There are 2048 attributes in the original fluorescence spectral data, each of which contains different spectral information, and the importance of different attributes to spectral analysis is obviously different. Non-critical attributes with low importance will affect the establishment of the classification model for mine water inrush samples and thus fail to achieve a good prediction effect. Based on random forest, the feature importance is analyzed. As shown in Figure 6, the importance of most attributes is 0. After MA preprocessing, some attributes eliminate interference information and make their importance prominent. The fluorescence spectrum with wavelengths between 420 and 620 nm has obvious characteristics, and the feature importance is between 0.1–0.3.

FIGURE 6

Characteristic importance of fluorescence spectra at different wavelength positions.

The RF classification model can select features from their importance through threshold selection for model optimization Hwang et al. (2023). Try to remove unimportant features at lower levels to optimize the accuracy and efficiency of the model. When the threshold is 0.25, the number of selected feature wavelengths is 2, the minimum classification error is 1.71 % , the number of trees is 60, and the training time is 0.202s. Although the training time is short, the minimum classification error value is too large. When the threshold is set to 0.10 and 0.05, the number of selected feature wavelengths is 281, and the number of decision trees is 18, the minimum classification error can reach 0. Then, the training time is 0.3790s and 0.3951s, respectively.

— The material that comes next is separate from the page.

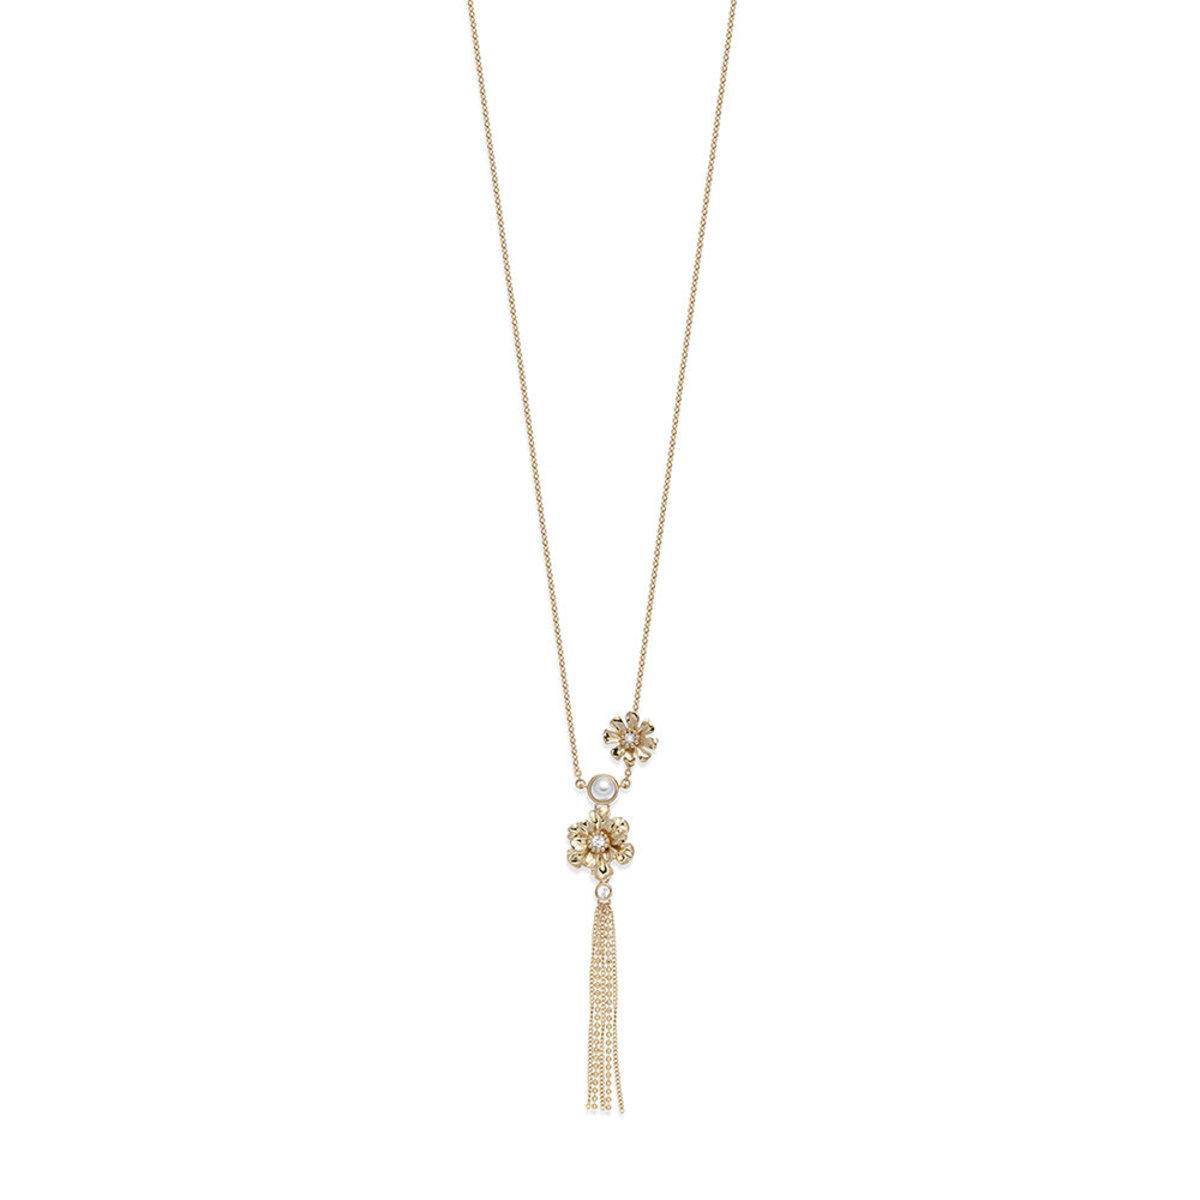 Lush Blossom: gold plating, Swarovski crystal, Swarovski pearl, flower pendant necklace
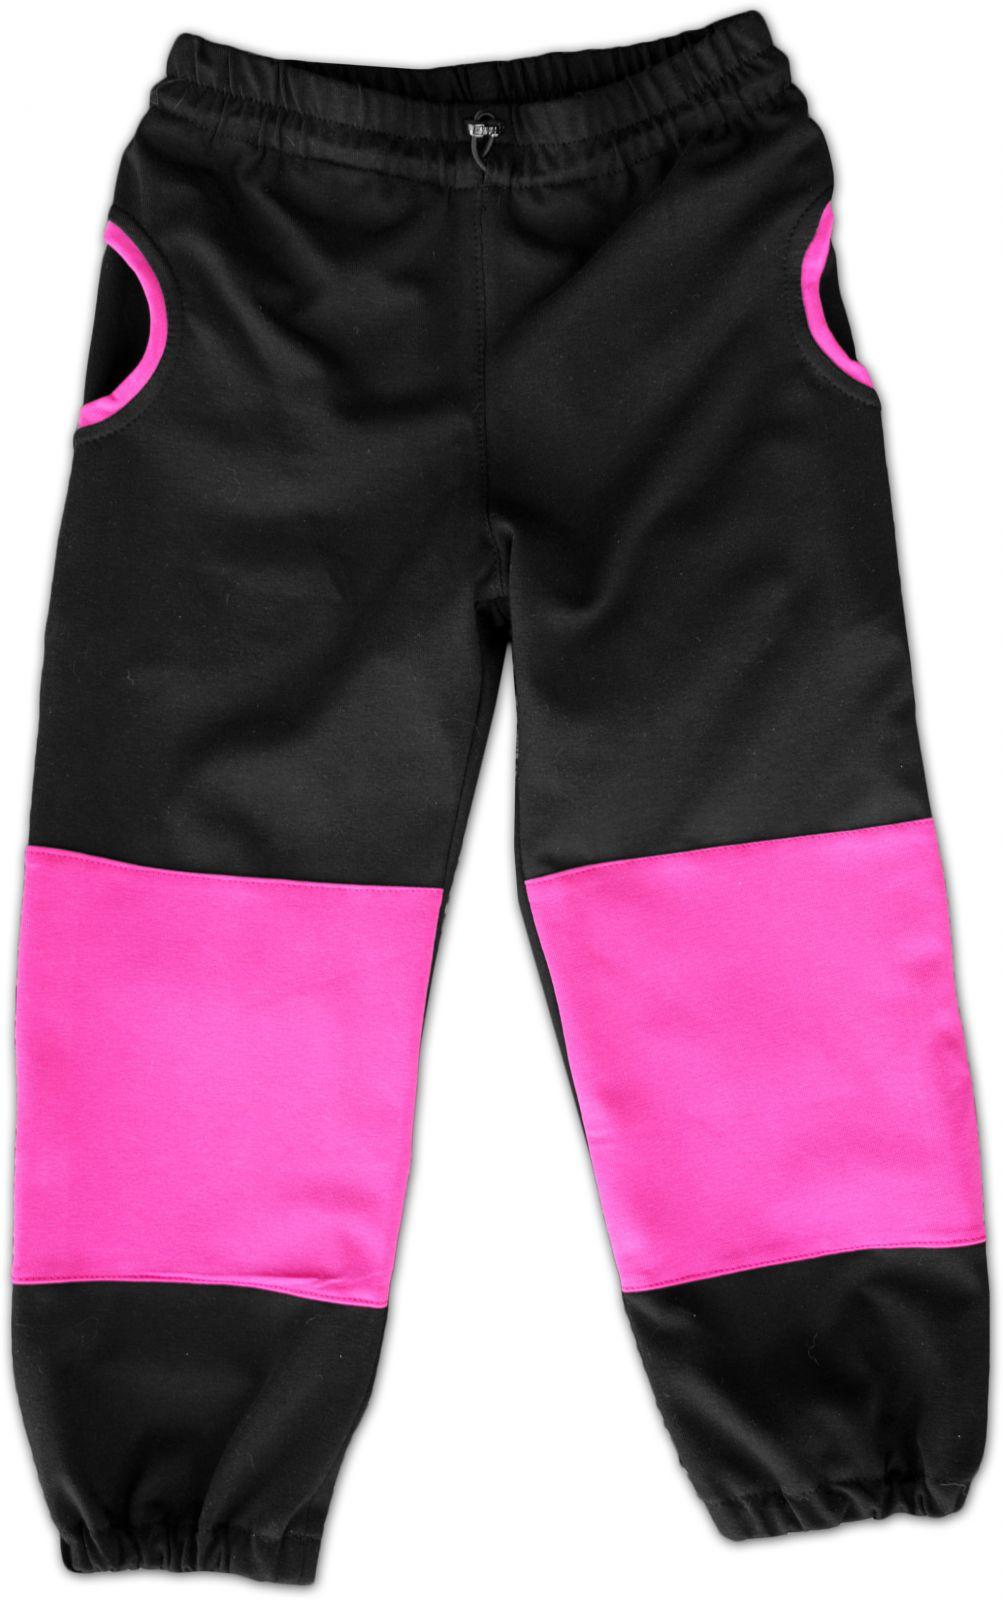 Trainingshose für Kinder, schwarz/rosa

Overall, when the threshold is 0.1, the classification effect is good, and the training time is short.

A total of seven groups of A-G samples mixed with different volume ratios of goaf water and sandstone water were trained. Since the test set and training set were generated randomly, the results would be different each time. The RF prediction model of a certain run was fitted, and the results are shown in Figure 7. After MA preprocessing, the RF model threshold was set to 0.10, and the number of characteristic wavelengths was 281. The predicted results were good, and the predicted values were basically consistent with the actual values. This is consistent with the results under different feature importance thresholds in Table 2.

FIGURE 7

Actual category and predicted category of the test set.

TABLE 2

The results of different feature importance thresholds.

Thresholds	Number of wavelengths	Minimum classification error (%)	Number of trees	Training time s)
0.25	2	1.71	60	0.2022
0.20	23	0.19	18	0.2341
0.15	85	0	37	0.2861
0.10	281	0	18	0.3790
0.05	281	0	18	0.3951

3.4 Comparison with traditional

In order to verify the evaluation effect and reliability of the RF algorithm model for mine water inrush prediction, Support Vector Machine (SVM) Ding et al. (2017), Principal Component Analysis (PCA) Zhou et al. (2020), and Moving average smoothing (MA) algorithm are used to identify mine water inrush independently or combined with algorithm modeling. In the experiment, the training data was randomly selected, and the experiment was repeated three times independently. The experimental results are the average of three times, as shown in Figure 8.

FIGURE 8

Comparison with traditional recognition methods.

In Figure 8, when only SVM algorithm is used to identify mine water inrush, the spectral data has the interference of redundant information, and the recognition accuracy is the lowest 98.1 % . With the combination of PCA-SVM algorithm, the recognition accuracy has been improved, reaching 99.05 % . After MA preprocessing, the MA-SVM and MA-PCA-SVM algorithms reduce the noise interference in the spectrum and greatly improve the recognition accuracy, reaching 99.81 % . Finally, the prediction and evaluation performance of MA-RF algorithm is the best, and the accuracy reaches 100 % . It has the highest accuracy and stable results.

4 Conclusion

This study proposes a laser induced fluorescence method for identifying mine water sources, which combines the identification model of random forests. Firstly, a LIF spectral acquisition system is established, and different spectral data are obtained by laser irradiation of water inrush samples. The original samples were collected from sandstone water and goaf water in a coal mine in Huainan, and the two types of water were mixed in different proportions to form a total of seven water samples. The laser induced fluorescence spectra of the seven water samples were identified and analyzed.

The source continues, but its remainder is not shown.